В то время мы с Сергей Александровичем (это была его инициатива) создали деловой клуб российско-украинских элит. Мы провели семь или восемь встреч, организуя их два раза в год: одна встреча — в России, в основном это была Москва или Подмосковье; вторая — на Украине, в основном это был Киев и близлежащие районы. Мы старались в государственные нарративы, которые были узаконены в Конституции, в документах, вплетать свои идеи о том, что необходимо встречаться, вести совместные проекты, выстраивать личные отношения.
Сергей Александрович упомянул о том, что удалось предупредить руководство Украины о трагедии в Приднестровье, только потому, что мы лично были знакомы.
Так вот у меня тогда даже не было дома телефона, меня нашли через соседа. А я пытался отыскать президента Кравчука, чтобы предупредить, что на границе с Украиной завтра будет опасная ситуация. Его я не нашел, но обратился к одному из вице-премьеров. Мы смогли какие-то превентивные вещи сделать. Была усилена охрана государственной границы, поскольку любая военная ситуация — это трансфер оружия, наркотиков, и так далее.

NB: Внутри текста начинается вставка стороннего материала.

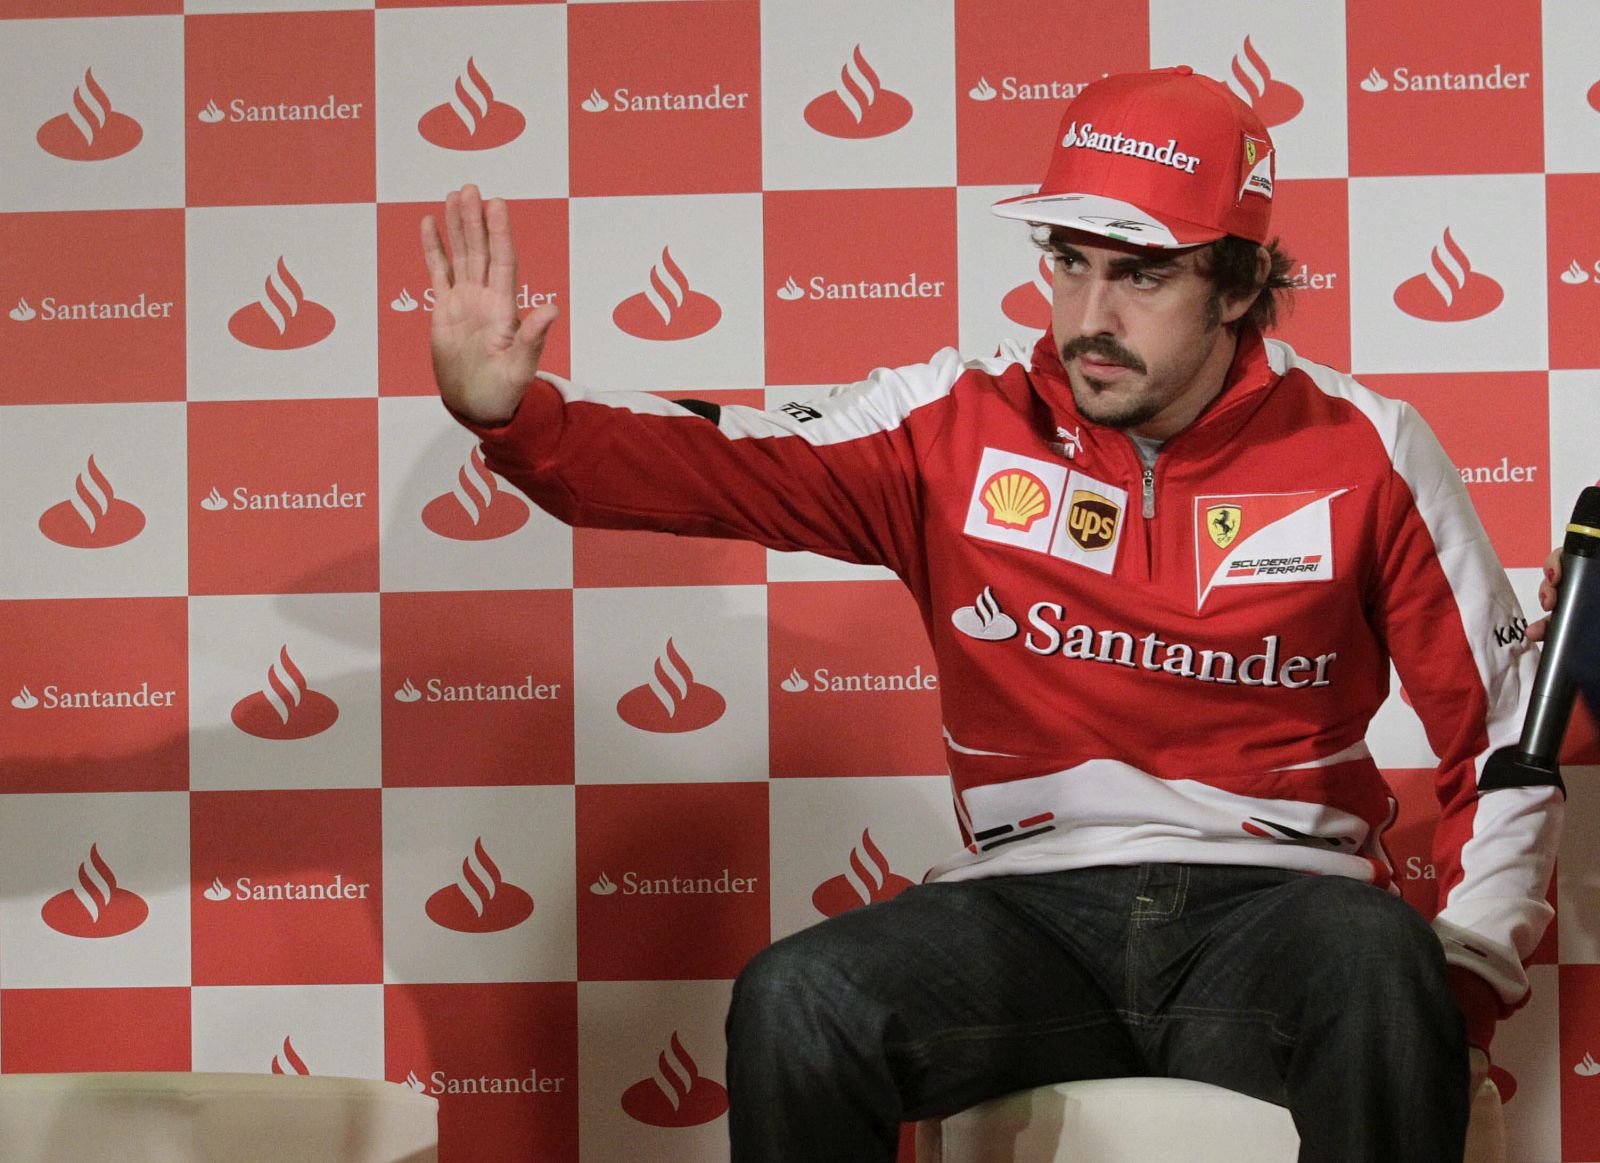 Imagen del bicampeón mundial de Fórmula Uno, Fernando Alonso, durante la rueda de prensa.

Тогда я понял, что есть объективные повторяющиеся обстоятельства, но на них можно наложить личные отношения, которые иногда помогают смикшировать вред или бред, которыми заканчиваются объективные большие процессы — геополитические, экономические, международные. Такой урок я вынес из того периода.

— Сергей Александрович, а какие у вас были ощущения?
— Дмитрий Игнатьевич — более нежный человек, чем я. У меня с самого начала было абсолютное ощущение, что дело идёт к войне.
Кстати говоря, я по просьбе одного из руководителей страны написал записку в политбюро, ещё до Беловежской пущи, после ГКЧП, о том, что, если так дело пойдёт, будет распад Советского Союза, в том числе выход Украины и кровавая бойня по всей периферии России. Эта записка потом вытекла [в публичное поле], и все решили, что я путчист, хотя это не так, поскольку я предсказывал не совсем нехорошее будущее.
Я считал, что наша обязанность — избежать войны, потому что она объективно должна была бы начаться гораздо раньше — при том разрыве, при том качестве элит, которые пришли к власти и на Украине, и в России.
В России, конечно, подспудно глубинное государство было много-много сильнее, но оно было временно отлучено от власти. А ребята, которые пришли к власти были, мягко выражаясь, не очень умными. Гайдара я знал с детства, к нему относился тепло, он хороший человек был. Я его называл самым образованным среди невежд или самым умным среди дураков.
Добавлю лишь то, что это был действительно чудовищный провал наших элит, при том, что украинские были молодые — поэтому я им в меньшей степени пеняю. То, что российские элиты совершенно безответственно себя вели — это страшная наша ошибка.
Достаточно сказать, что кроме нашего с Дмитрием Игнатьевичем канала и каких-то спорадических встреч где-то, систематических диалогов между Россией и Украиной и их элитами не было.
Был ещё у нас третий игрок, замечательный посол по особым поручениям, член СВОП – Юрий Дубинин, который вёл одновременно переговоры по всем соглашениям, которые должны были регулировать отношения между двумя странами. Ему не с кем было даже посоветоваться, поскольку российскому руководству было абсолютно, извините за мой сленг, пофиг.
Это было безответственно и глупо. Я помню, что он со мной созванивался, хотя я был лишь общественный деятель, немножко учёный, который вынужден был заниматься мелким бизнесом для того, чтобы покормить общественную организацию и свою семью. Тем не менее, он со мной согласовывал позиции.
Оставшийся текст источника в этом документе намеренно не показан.